Here is details about CLI arguments:
- Pretrained checkpoint path: `--model_path`, the path of your model checkpoint, it can be your local directory or a Hugging Face tag.
- Booster plugin: `-p`, `--plugin`. `gemini`, `gemini_auto`, `zero2`, `hybrid_parallel` and `zero2_cpu` are supported. For more details, please refer to [Booster plugins](https://colossalai.org/docs/basics/booster_plugins).
- Dataset path: `-d`, `--dataset`. The default dataset is `yizhongw/self_instruct`. It support any dataset from `datasets` with the same data format as `yizhongw/self_instruct`.
- task name: `--task_name`, the task to fine-tune, it's also related to the target of loading dataset, The default value is `super_natural_instructions`.

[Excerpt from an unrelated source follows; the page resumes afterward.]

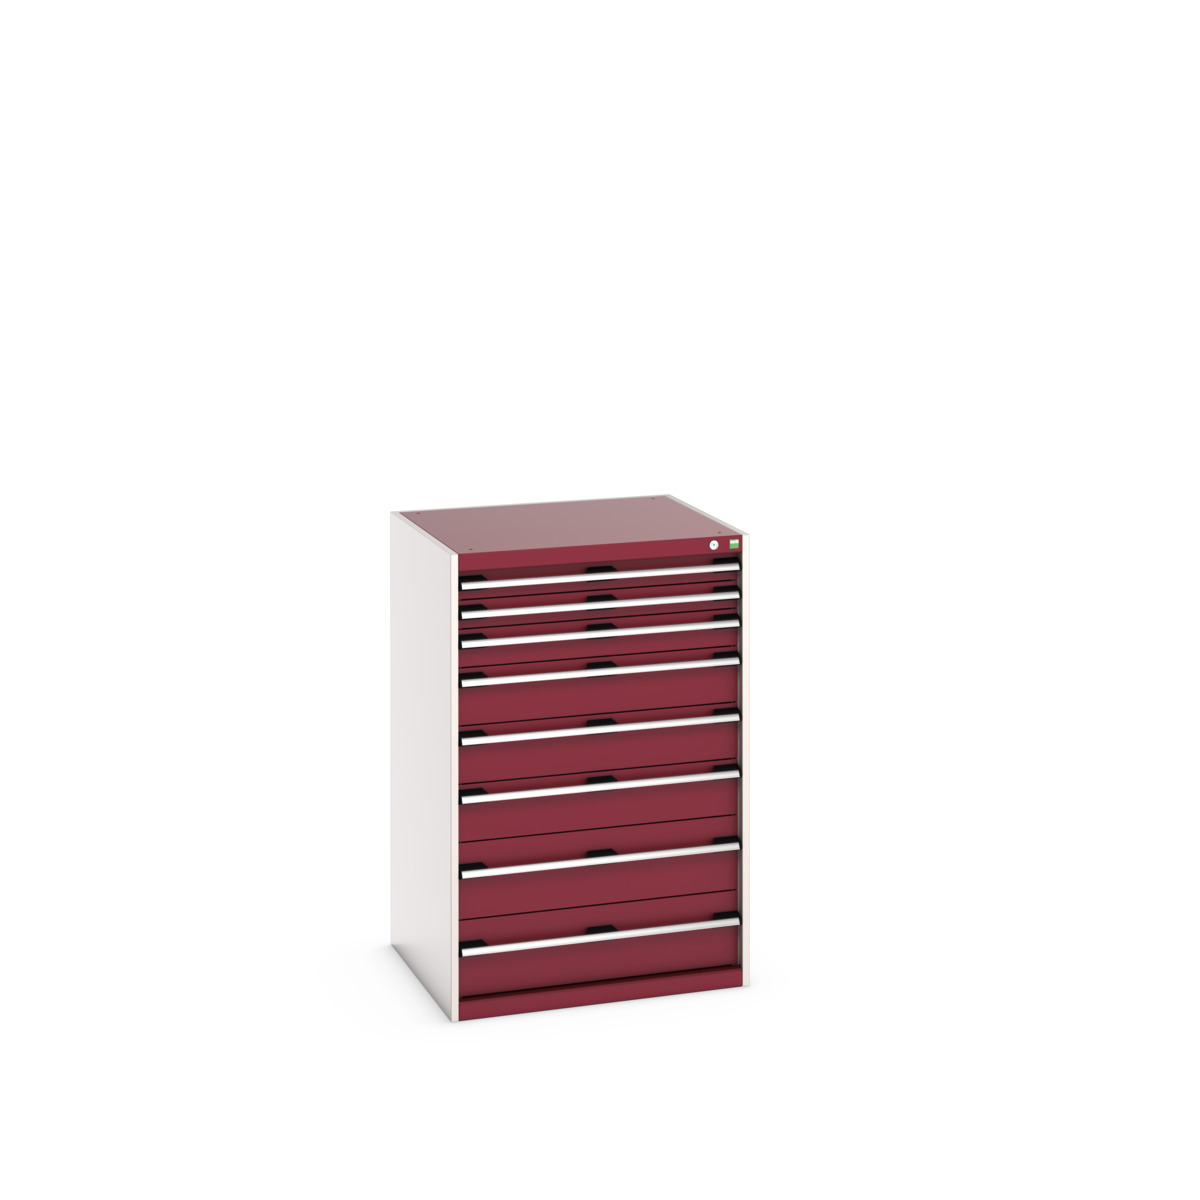 40028033.24V - cubio drawer cabinet
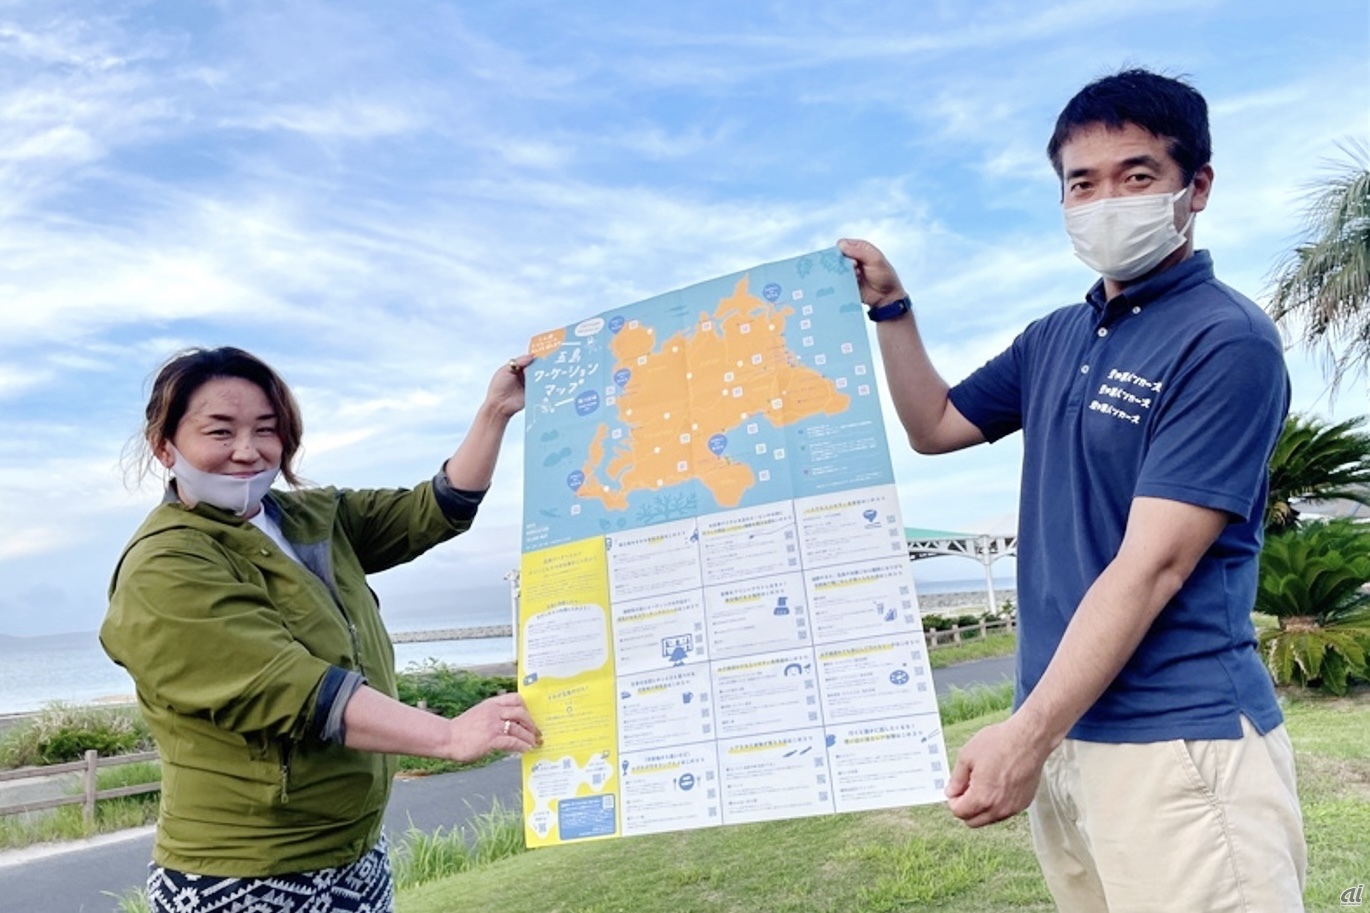 「五島ワーケーションマップ」左はみつめる旅の遠藤氏、右は五島市役所の松野尾氏

- Number of epochs: `-e`, `--num_epochs`. The default value is 1.
- Local batch size: `-b`, `--batch_size`. Batch size per GPU. The default value is 2.
- Learning rate: `--lr`. The default value is 3e-4.
- Weight decay: `-w`, `--weight_decay`. The default value is 0.1.
- Gradient checkpointing: `-g`, `--gradient_checkpoint`. The default value is `False`. This saves memory at the cost of speed. You'd better enable this option when training with a large batch size.
- Max length: `-l`, `--max_length`. The default value is 4096.
- Mixed precision: `-x`, `--mixed_precision`. The default value is "fp16". "fp16" and "bf16" are supported.
- Save interval: `-i`, `--save_interval`. The interval (steps) of saving checkpoints. The default value is 1000.
- Checkpoint directory: `-o`, `--save_dir`. The directoty path to save checkpoints. The default value is `checkpoint`.
- Checkpoint to load: `-f`, `--load`. The checkpoint path to load. The default value is `None`.
- Gradient clipping: `--gradient_clipping`. The default value is 1.0.
- Tensorboard log directory: `-t`, `--tensorboard_dir`. The directory path to save tensorboard logs. The default value is `tb_logs`.
- Flash attention: `-a`, `--flash_attention`. If you want to use flash attention, you must install `flash-attn`. The default value is `False`. This is helpful to accelerate training while saving memory. We recommend you always use flash attention.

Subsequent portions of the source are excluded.